→ **Problem**
This exercise calls for the data below to be retyped exactly, minus any images.

─── Available data

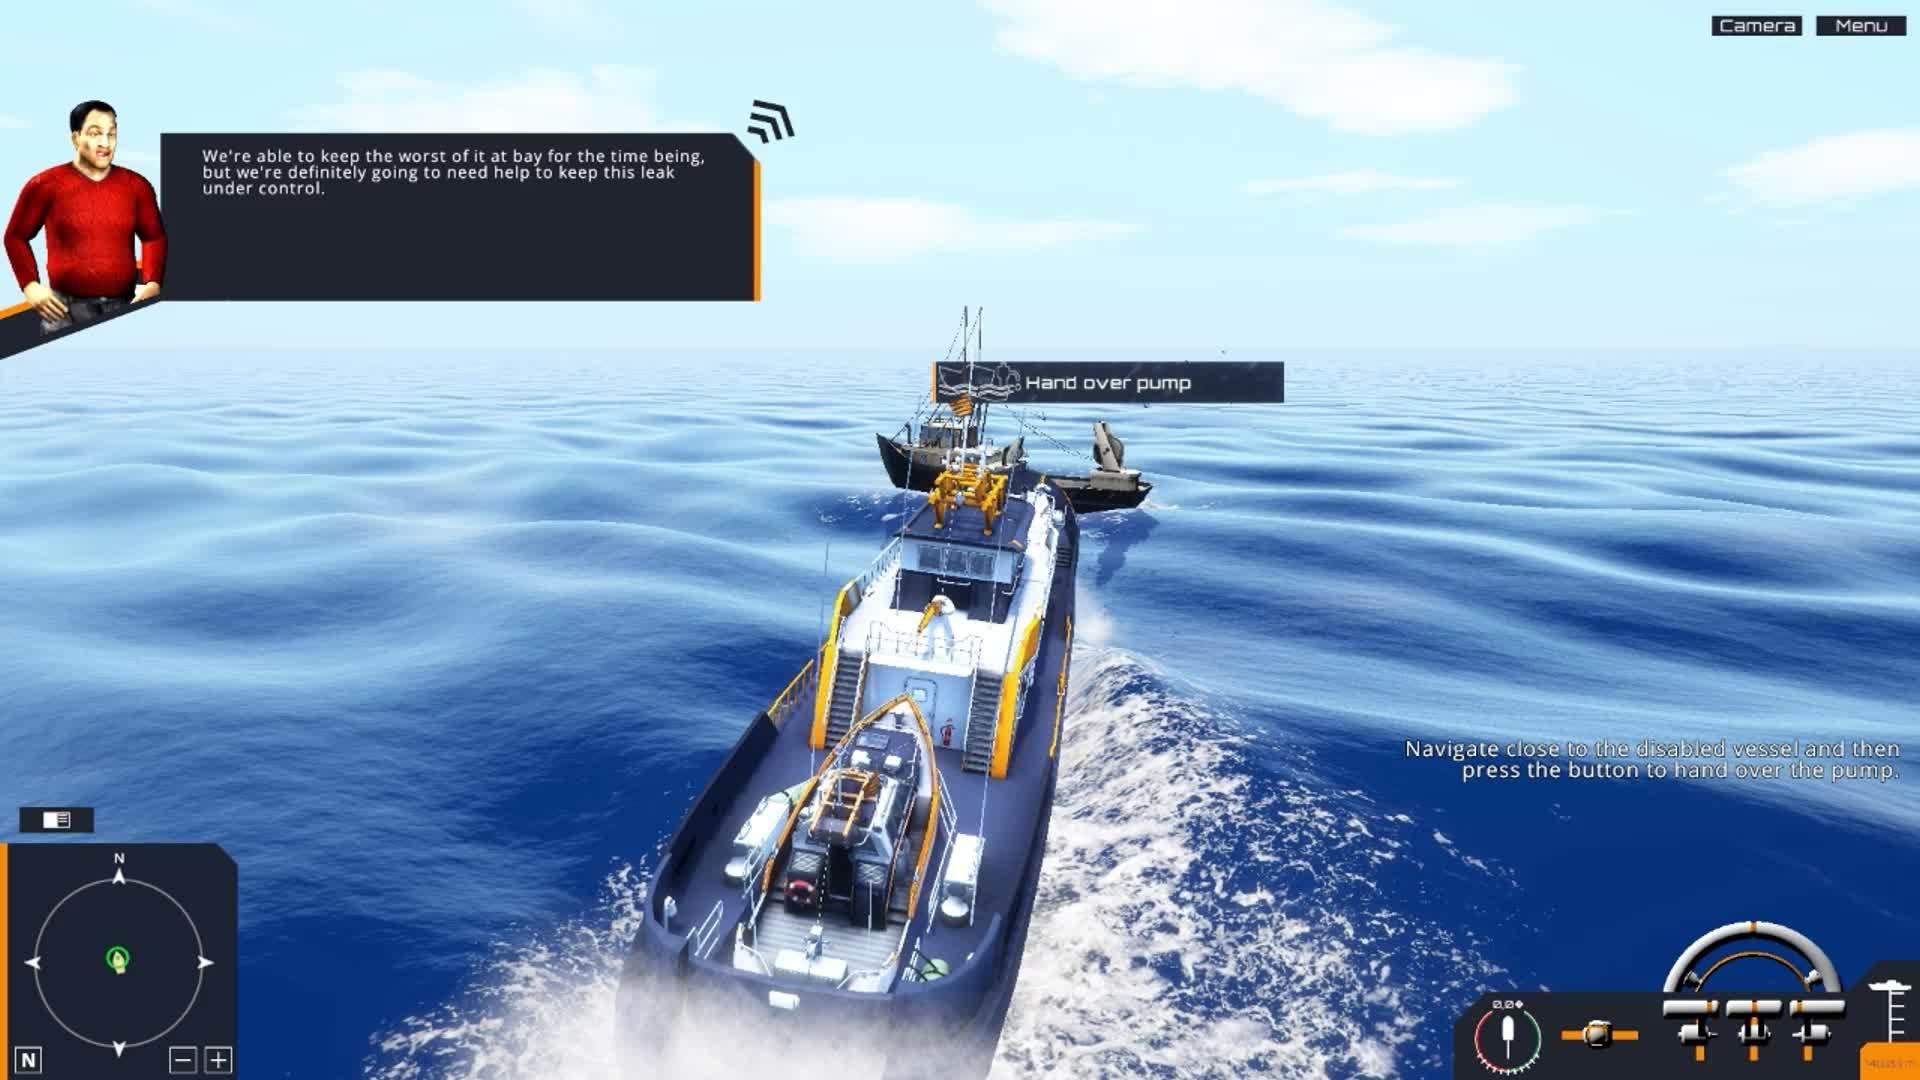 gamephysics, Coast Guard ship attempts to help fishing boat GIFs
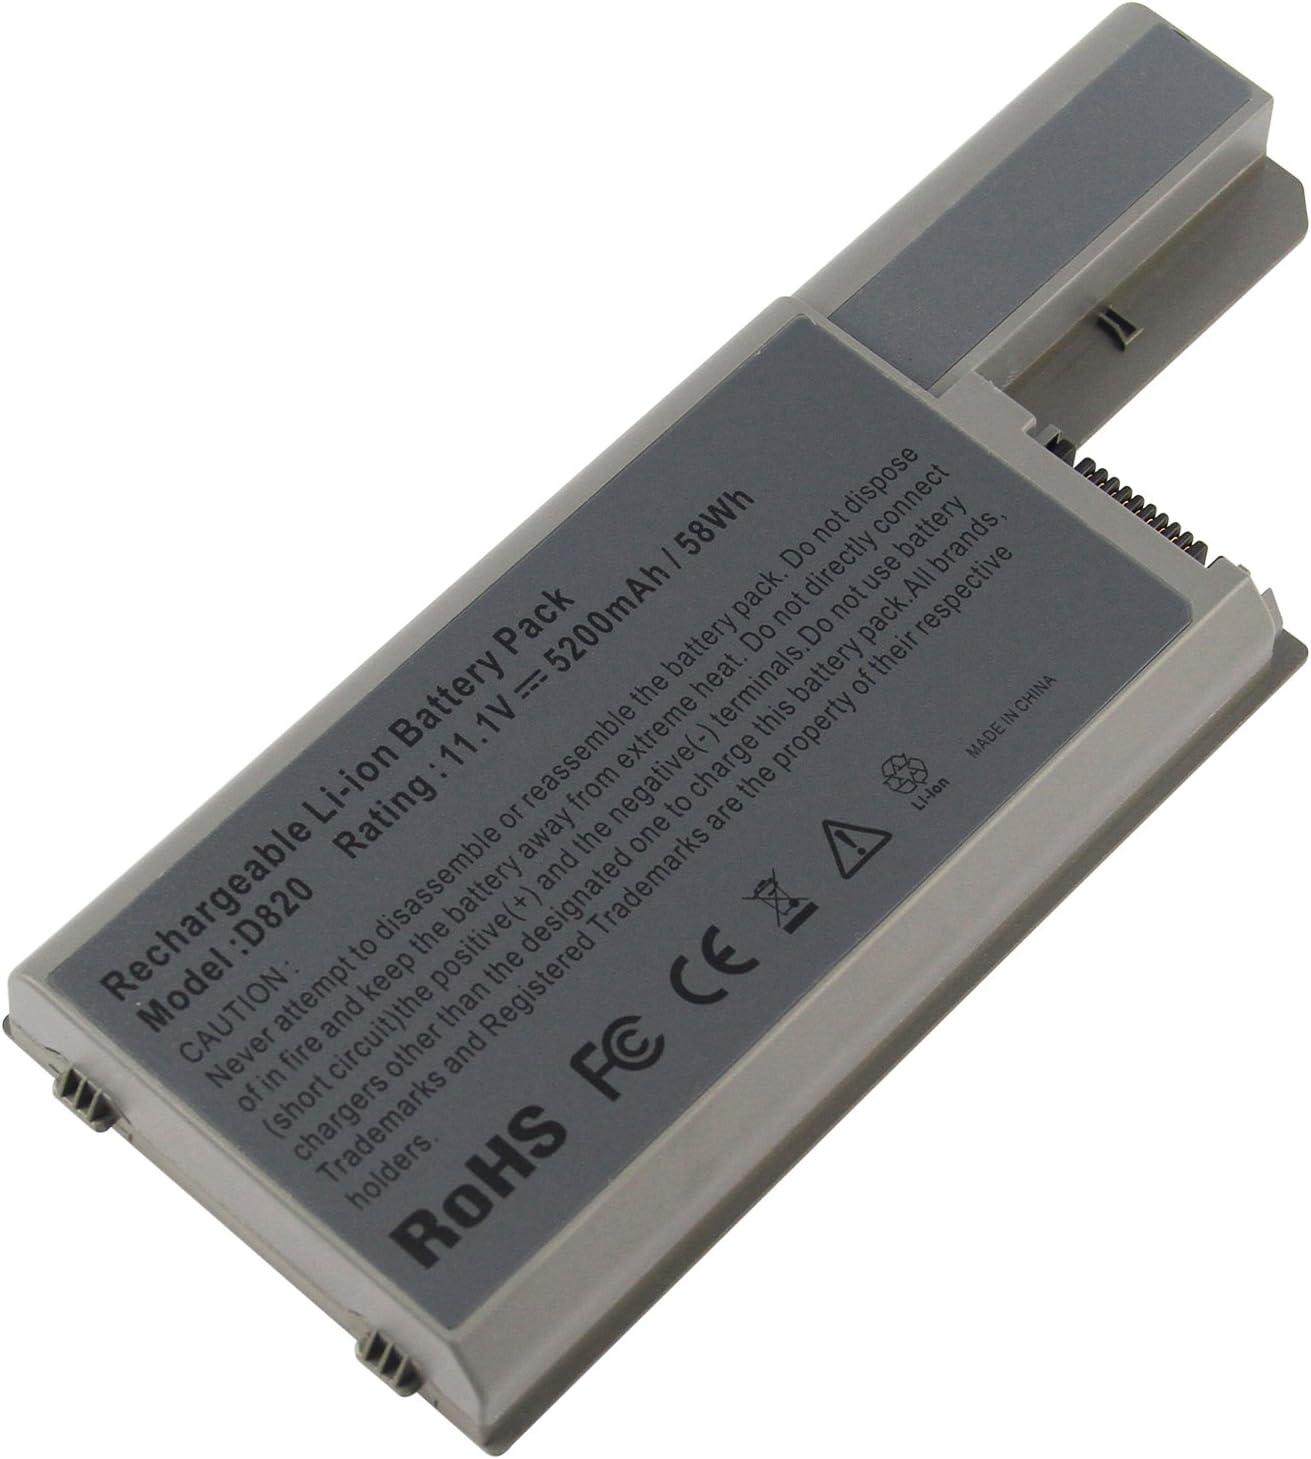 Futurebatt Laptop Battery for Dell Latitude D820 D830 D531 D531N Precision M65 M4300, fits 310-9122/310-9123/312-0393/312-0394/312-0401/312-0402/312-0537/312-0538/451-10308
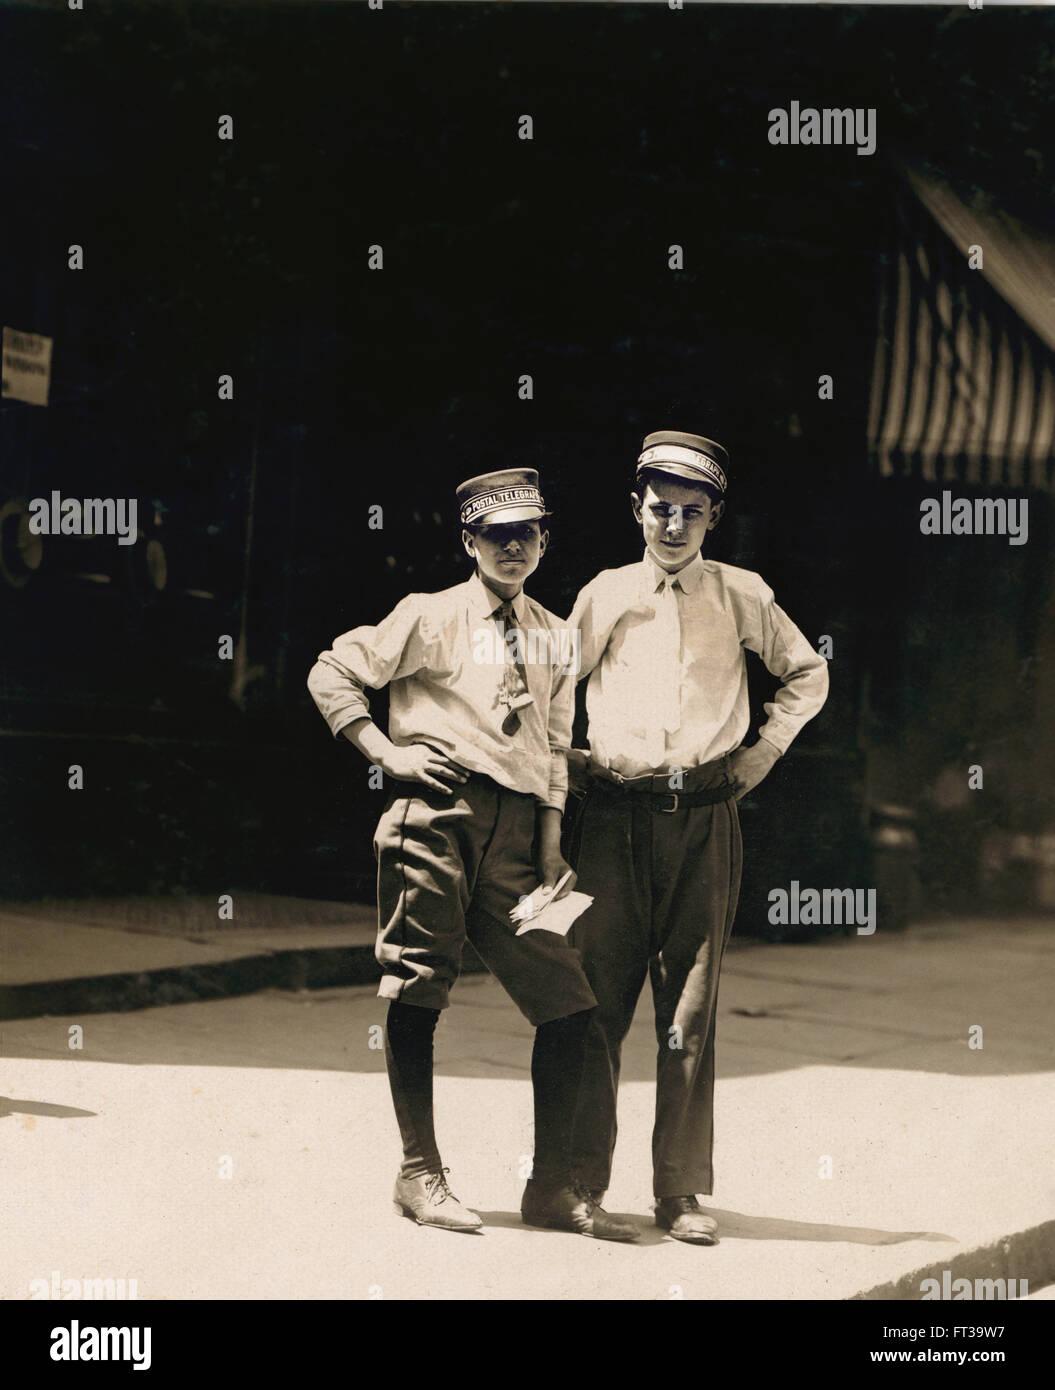 Two Young Telegraph Messengers, Broadway, New York City, New York, USA, circa 1910 - Stock Image

──────

→ **Answer to the problem**
 gamephysics, Coast Guard ship attempts to help fishing boat GIFs
 Futurebatt Laptop Battery for Dell Latitude D820 D830 D531 D531N Precision M65 M4300, fits 310-9122/310-9123/312-0393/312-0394/312-0401/312-0402/312-0537/312-0538/451-10308
 Two Young Telegraph Messengers, Broadway, New York City, New York, USA, circa 1910 - Stock Image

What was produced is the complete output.